Understanding Cyber Insurance
As cybercrime becomes more sophisticated and widespread, especially with distributed teams and the growth of remote and hybrid work, cyber security is an even more pressing concern. Cyber Insurance offers companies the safety net necessary to protect themselves in the event of a data breach or cyberattack.
And it’s not just financial institutions and other highly regulated industries who need to invest in cyber insurance. In reality, many startups — from Software as a Service (SaaS) to life science companies — handle sensitive client data that requires protection.
What does cyber insurance cover?
The most common coverages a comprehensive cyber insurance policy offers are:
- Data and privacy breach coverage: To assist in managing the aftermath of data or privacy breaches, including costs for breach response, legal fees, and third-party expenses.
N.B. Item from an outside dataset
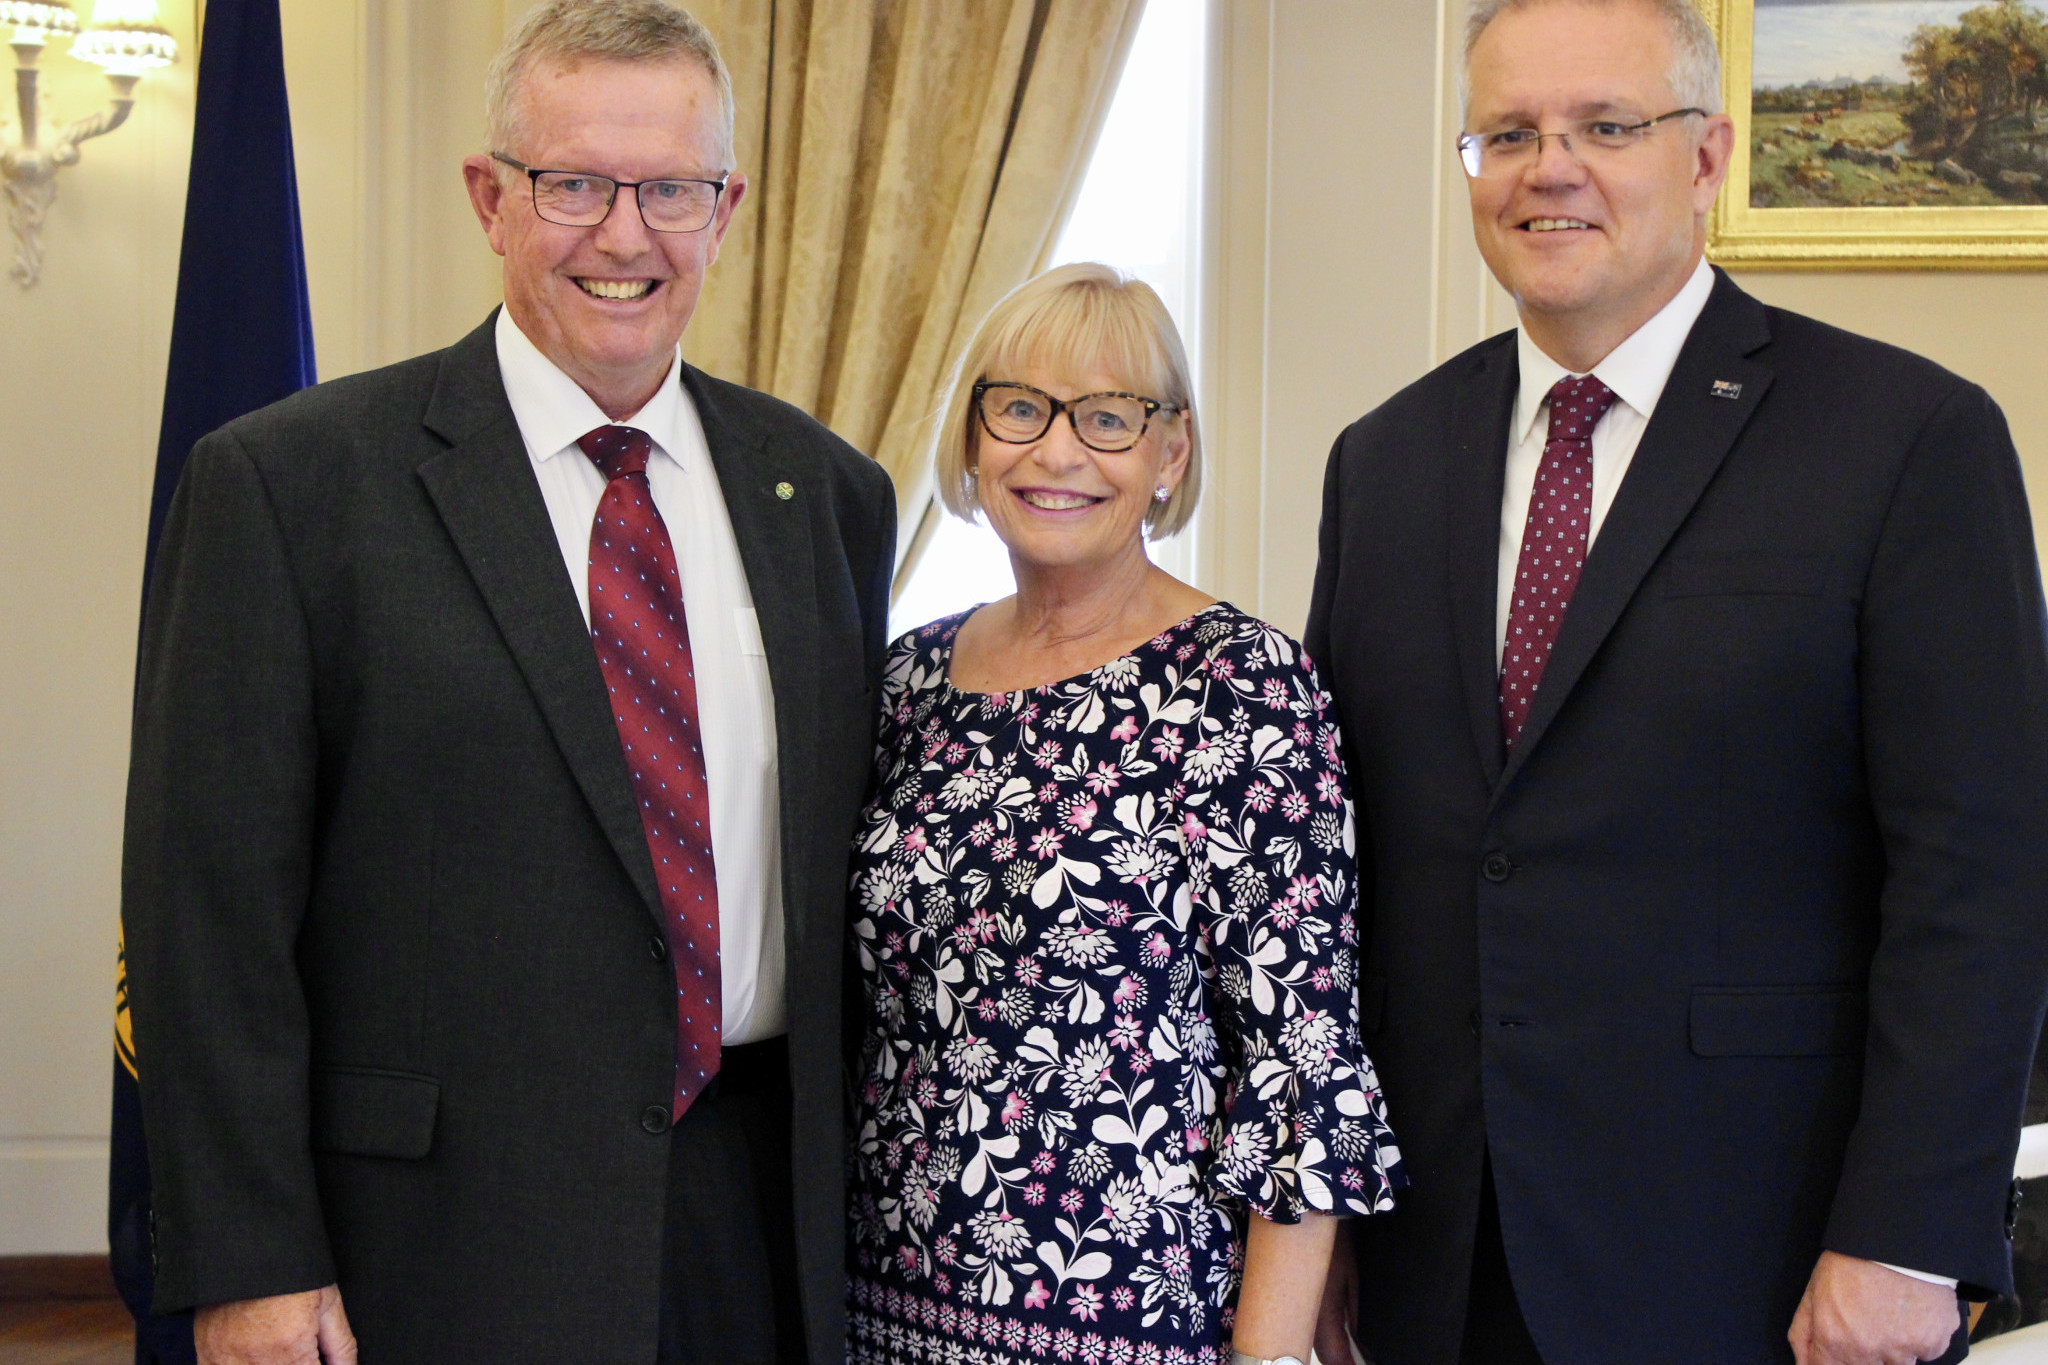 Federal member for Parkes Mark Coulton and his wife Robyn Coulton with then prime minister Scott Morrison at government house. Photo by Parkes Electorate.

- System restoration costs after an incident: To cover expenses related to identifying the breach source and restoring affected systems to normal operation.
- Protection against cybercrime: To provide financial safeguards against cybercrimes such as hacking and data breaches, ransomware attacks, and social engineering. These can be extremely helpful to include in a policy in the case of a breach that leaves your company open to financial liabilities.
- Business interruption coverage: To compensate for income loss resulting from cyberattacks that disrupt or halt business operations.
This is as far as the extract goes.